→ **Task to carry out**: Nothing but the text should be carried over: reproduce all the data exactly and leave out every image.

→ **Given material**:
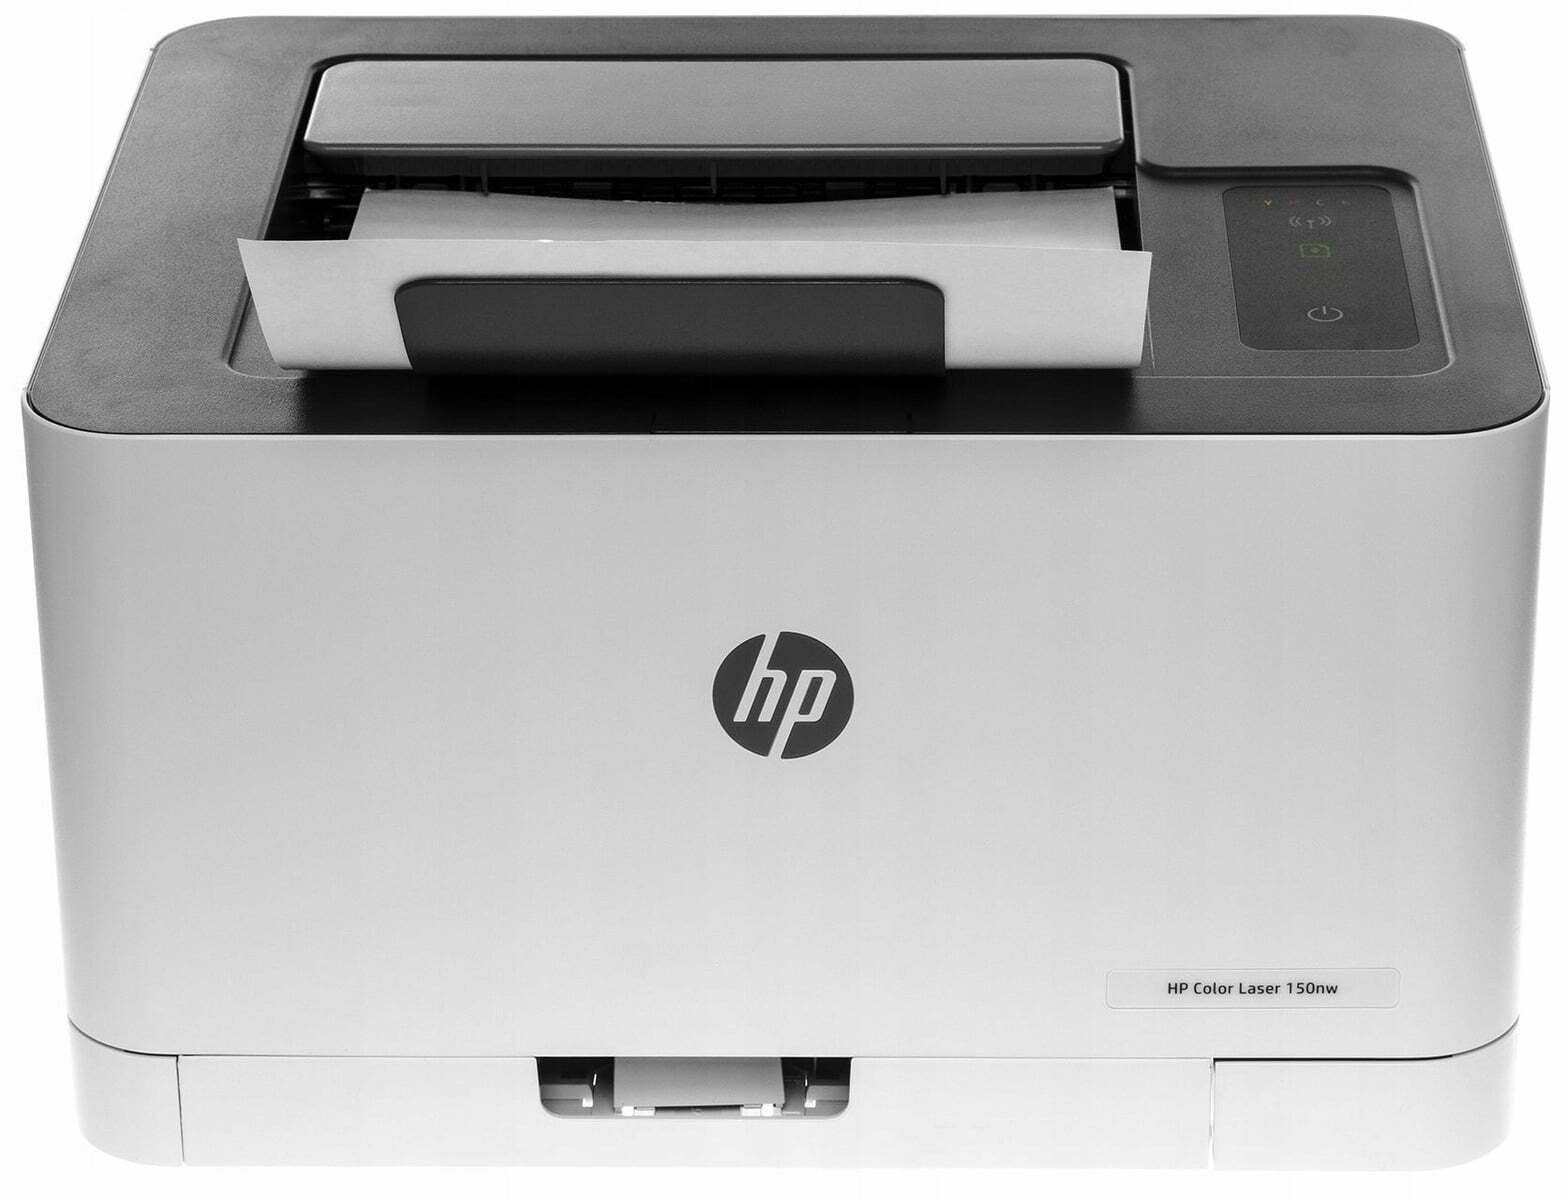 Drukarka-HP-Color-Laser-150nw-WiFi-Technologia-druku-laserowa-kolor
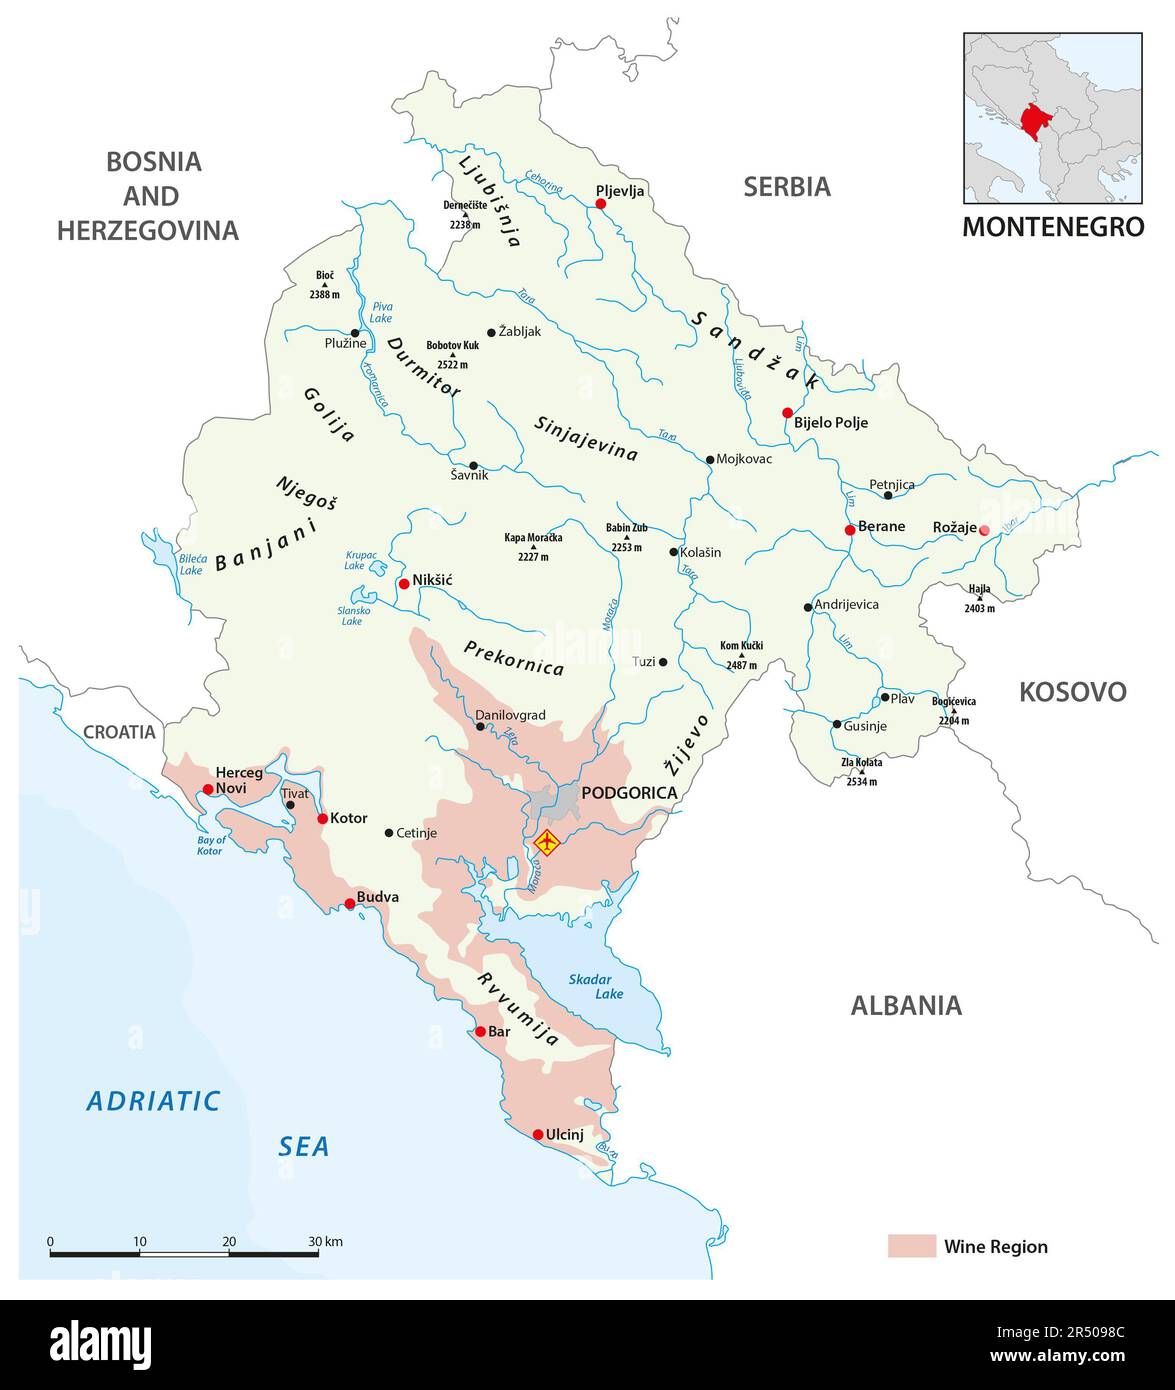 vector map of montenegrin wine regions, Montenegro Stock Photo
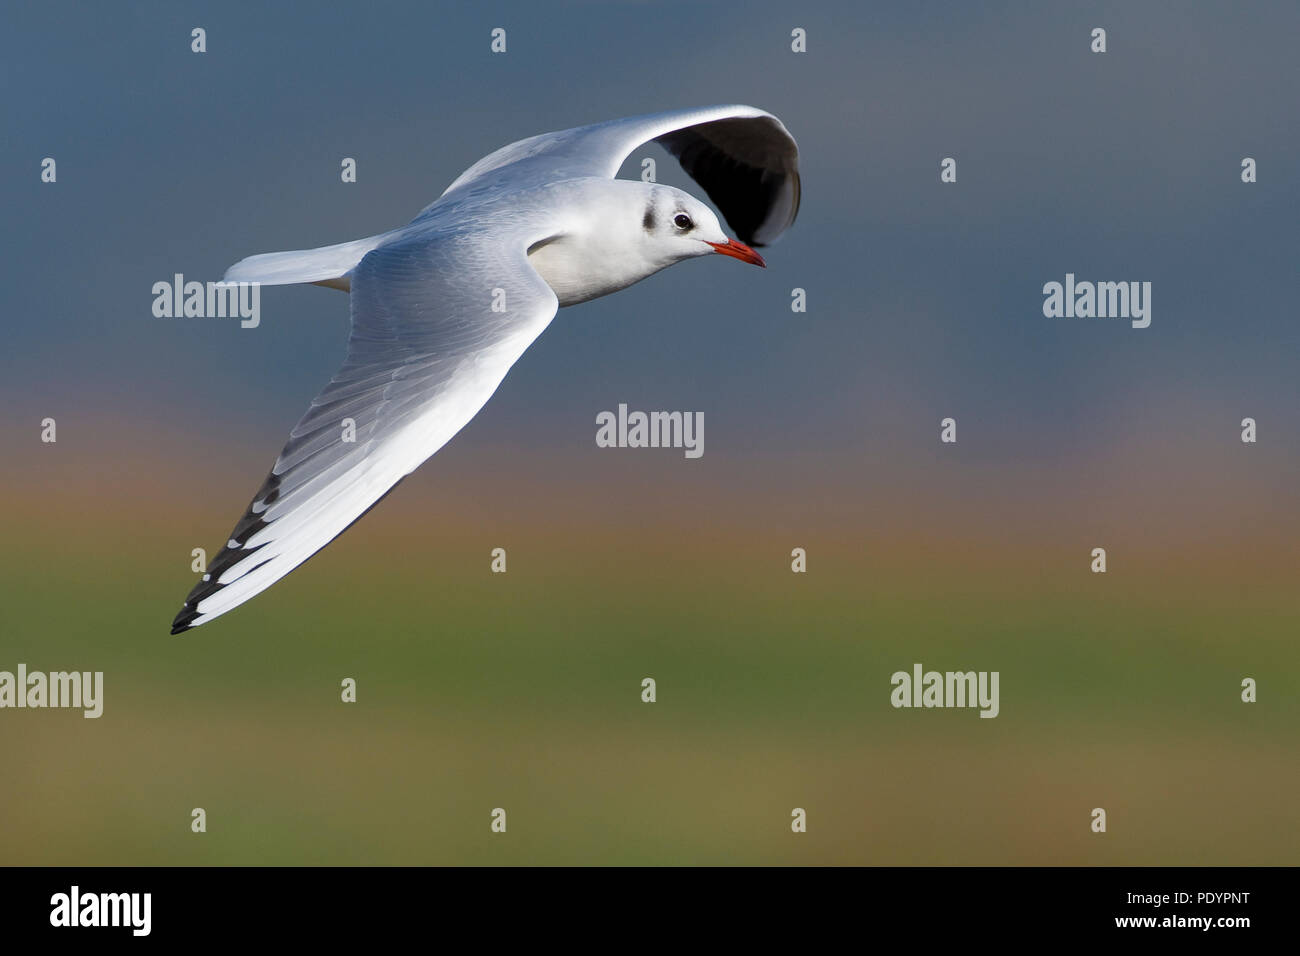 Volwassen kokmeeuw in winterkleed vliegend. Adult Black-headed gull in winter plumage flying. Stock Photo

→ **Solution for this exercise**:
 Drukarka-HP-Color-Laser-150nw-WiFi-Technologia-druku-laserowa-kolor
 vector map of montenegrin wine regions, Montenegro Stock Photo
 Volwassen kokmeeuw in winterkleed vliegend. Adult Black-headed gull in winter plumage flying. Stock Photo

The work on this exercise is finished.